El cambio de manos del gobierno estadounidense y la declarada intensión del presidente electo en esa nación, el señor Donal Trump, parecen, hasta hoy, comprometerlo con impulsar tal corriente de acontecimientos.
Para las artes y artistas habrá menos dinero disponible, al menos desde que las opciones de invertir en las reconstrucciones de esas naciones se perciban carentes de riesgos por los tenedores de capitales. Si los riesgos persisten, los tenedores de arte continuarán reteniendo sus artefactos como inversión segura y el flujo financiero hacia las artes podría continuar más o menos estable. Sin embargo, en las naciones como las nuestras, donde las autoridades culturales declaran que la falta de valoración y estima públicas e institucionales por la cultura, los intelectuales y artistas constituyen el primer factor obstructivo del desarrollo sectorial, de sus actividades y, por consiguiente, del bienestar de quienes en ellos participan, las cosas no pintan saludables. Al contrario: se teme que surjan incrementos ostensibles de los niveles de complejidad.

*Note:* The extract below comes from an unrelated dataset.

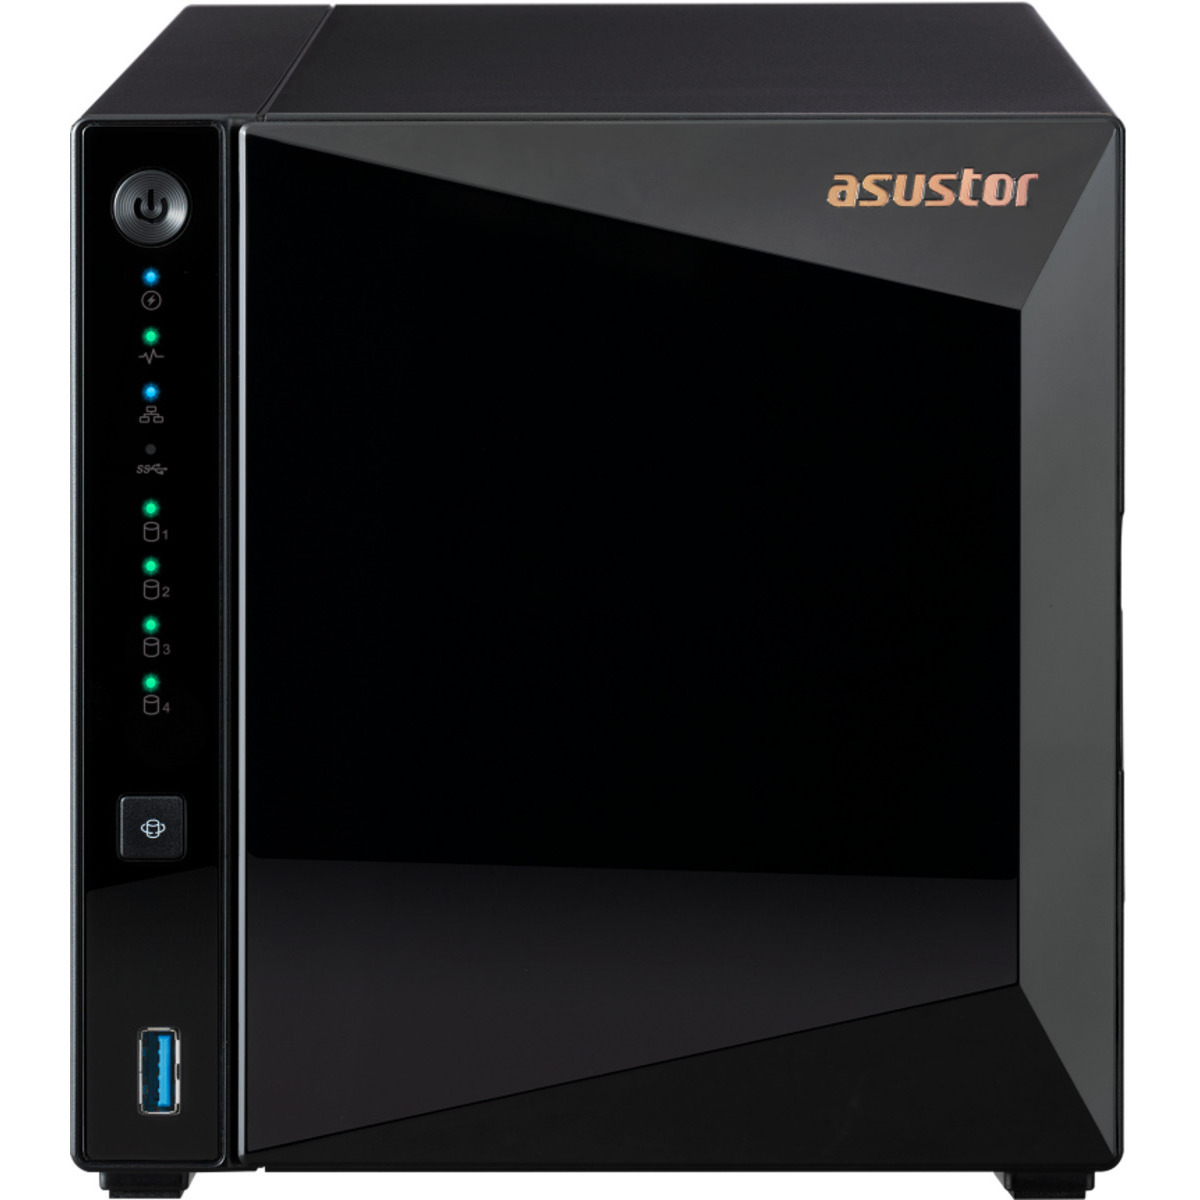 ASUSTOR DRIVESTOR 4 Pro Gen2 AS3304T v2 64tb 4-Bay Desktop Personal / Basic Home / Small Office NAS - Network Attached Storage Device 4x16tb Seagate EXOS X18 ST16000NM000J 3.5 7200rpm SATA 6Gb/s HDD ENTERPRISE Class Drives Installed - Burn-In Tested - ON SALE DRIVESTOR 4 Pro Gen2 AS3304T v2
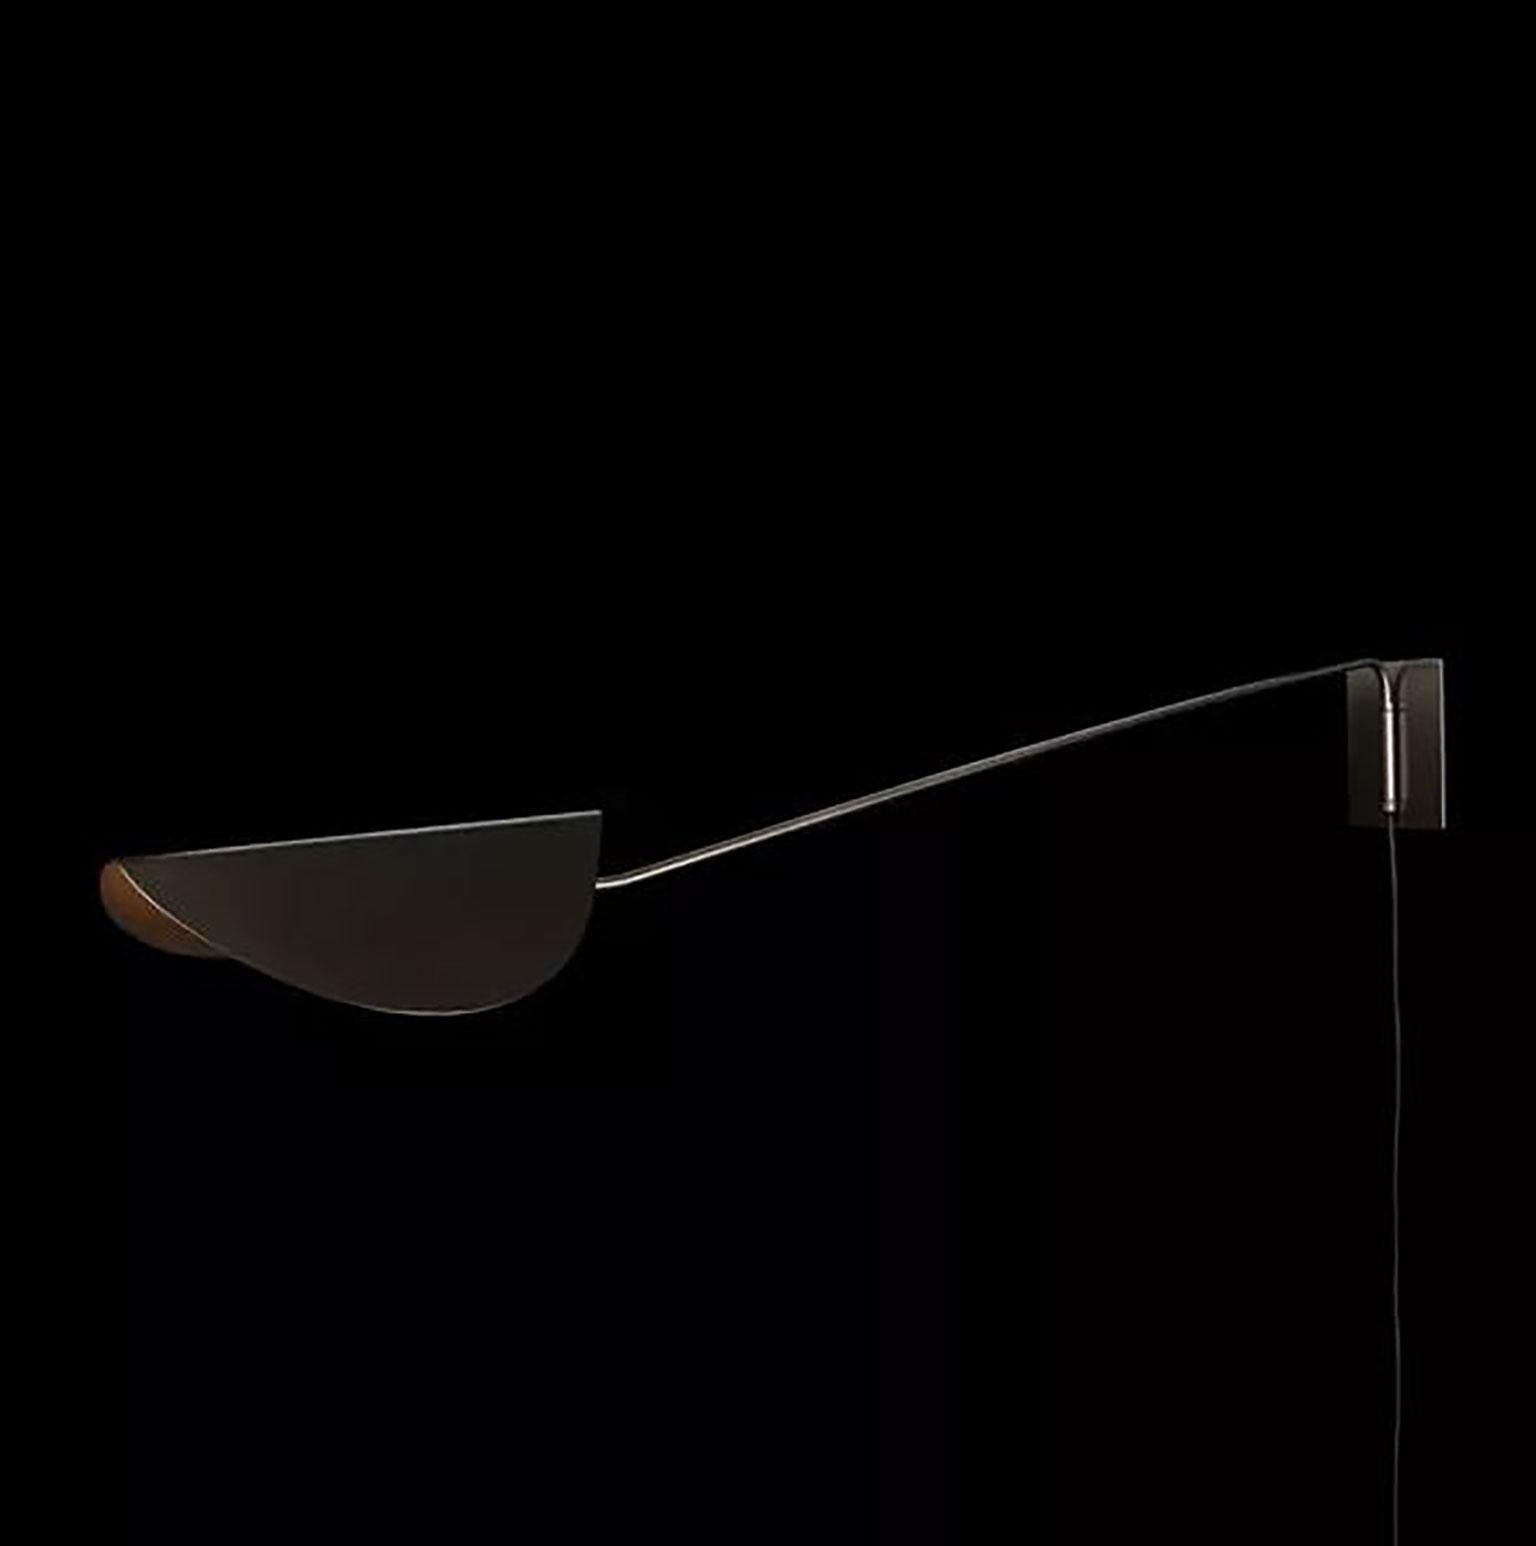 Plume Anodic Bronze Wall Lamp by Christophe Pillet for Oluce In New Condition For Sale In Brooklyn, NY

Esa previsión es fundada en que, si el sistema infravalora al sector y a sus actores, estos —a su vez— actúan marginados de él, incluso económicamente, tanto como pueden. De tal modo, el gobierno ni alguien saben cuánto mueve una disciplina artística en su economía. Excepto el cine. Aunque podrían saberlo de forma indirecta. Tal infravaloración genera irrespeto hacia profesiones por doquier reconocidos como valiosos. Desde el diseño aplicado a aparatos de consumo de alto calaje a la realización de artefactos destinados al placer espiritual, al consumo eminentemente estético… En los próximos diez años, entonces, a menos que gobiernos y actores culturales busquen un punto de encuentro a los fines de realizar sus mutuos intereses en un esquema de armonía sustentable y rentable, la problematización del sector cultural puede anticiparse sin mucho esfuerzo.
El problema es cómo resolver un dilema que involucra lo que todos rehuyen: impuestos. Y también lo que el sector público obvia hasta donde le es posible: idoneidad del desempeño de la cartera oficial de cultura.
Otros escenarios de endurecimientos son previsibles porque si las economías se ven afectadas por la falta de acceso a capitales foráneos e inversión extranjera directa, los costos de vida incrementarán a la par que la devaluación de los signos monetarios.
Por eso adquiere relevancia vital que los actores del sector cultural permanezcan unidos y activos. Especialmente donde los dividen tonterías partidistas y conductas egocéntricas de carácter patológico.
Ante nubarrones tales, urge llevar paraguas. Así que: Artistas e intelectuales, ¡uníos!